Another description that I came across seems to capture this biological or non-digital aesthetic of topological music that I’m attempting to describe: “His sounds actually sound like things”, wrote Marc Masters in a review of Becker’s album. This description also matches how I feel listening to Autechre’s recent work. These strange new musical forms express a kind of internal mechanism that gives them a feeling of natural variation as well as a sense of coherence or family resemblance.
This topological music seems to share a similar rejection of sterile digital sounds with the musicians in Carr’s article. In both cases, the resulting music can be characterised as having hallmarks of complexity – greater variation of sonic materials and more complicated texture and structure. But the response to “computer fatigue” by the topological musicians contrasts with the work of those who choose the lo-fi approach as the solution. The critical difference is that the topological musics continue to use the computer and digital techniques. The topological techniques that DeLanda proposes, such as genetic algorithms, are forms of generative music composition. Philip Galanter’s definition of generative art provides a clear and concise way of understanding what generative methods involve:
Generative art refers to any art practice where the artist uses a system, such as a set of natural language rules, a computer program, a machine, or other procedural invention, which is set into motion with some degree of autonomy contributing to or resulting in a completed work of art. (2003, What Is Generative Art?)

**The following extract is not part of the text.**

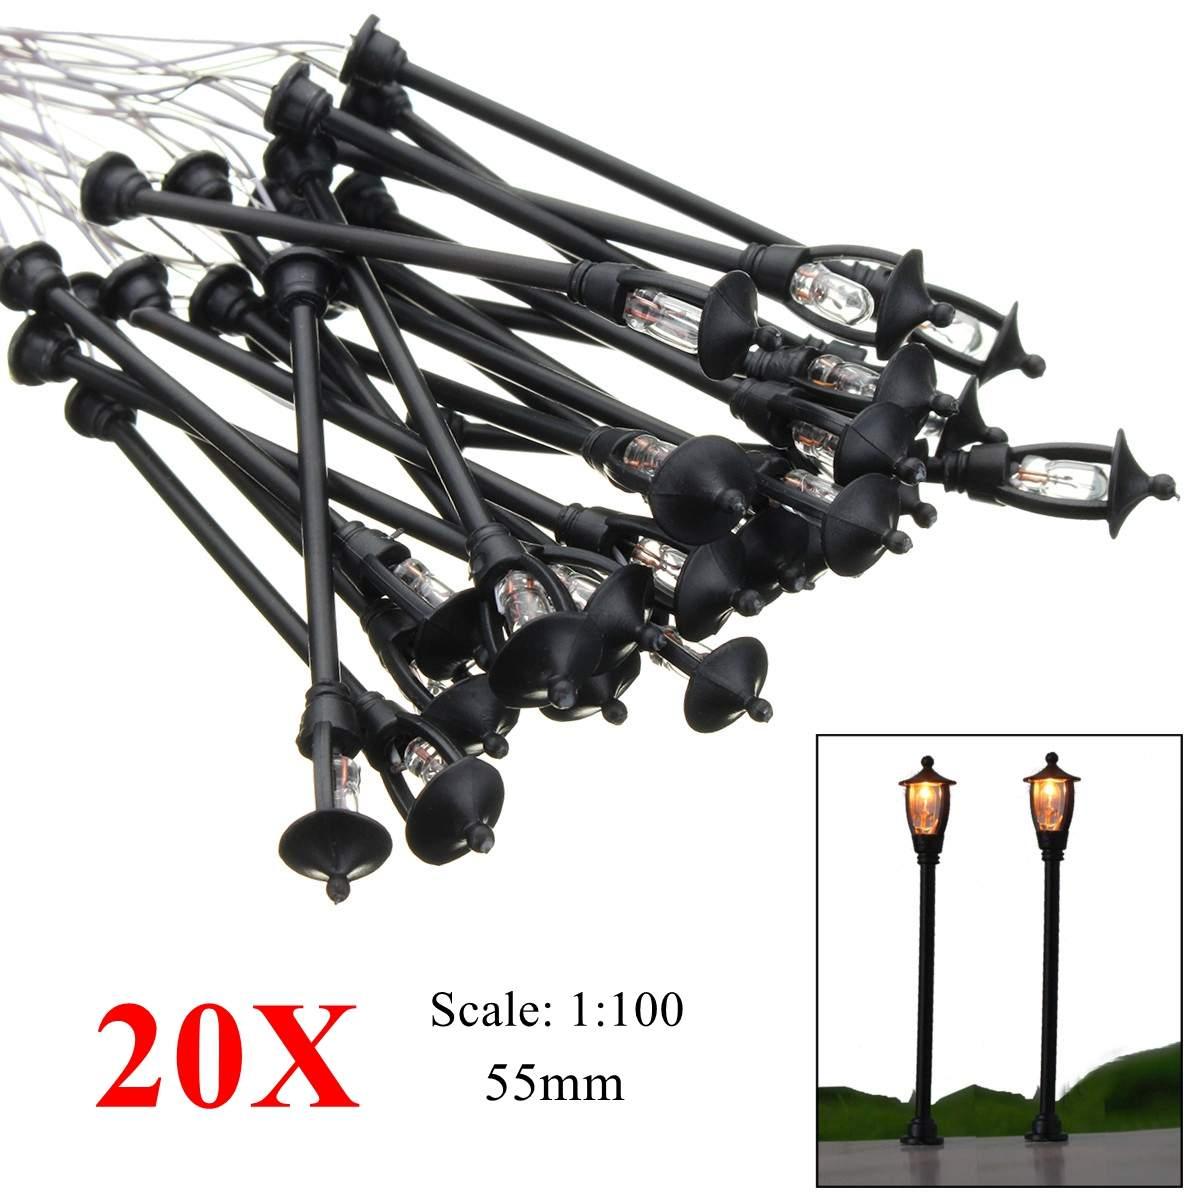 20pcs Model Garden Lamps HO Scale 1:100 Black Model Layout Single Head Garden Lights Lamppost Landscape Light Model

The key element is that the artist gives some amount of creative control to the system. By this definition, strictly speaking, the strategies used by those musicians who have returned to lo-fi methods are also generative, though mainly at the lower level of sound structure rather than compositional structure. An instrument or method that produces sounds that vary in an unpredictable way constitutes a form of generative music system, because the musician is allowing the method to contribute some of its own characteristics. In effect, the system makes some of the creative decisions. In a digital system, these decisions would first have to be thought up and then programmed into the system. Because digital methods have to be instructed what to do, variation and surprise is more difficult to achieve. So, the return to lo-fi methods and the adoption of evolutionary digital techniques represent two forms of generative music that seek to avoid the condition of computer fatigue. They choose different routes to solve that problem, but in both cases a search for greater sonic complexity can be seen to motivate the creation of new music.
Nathan Thomas also wrote a response to Kate Carr’s article, Nature and the Nature-Like: A Response to the Computer-Fatigued, which questions the usefulness of authenticity or ‘reality’ as the dividing line between digital and analogue.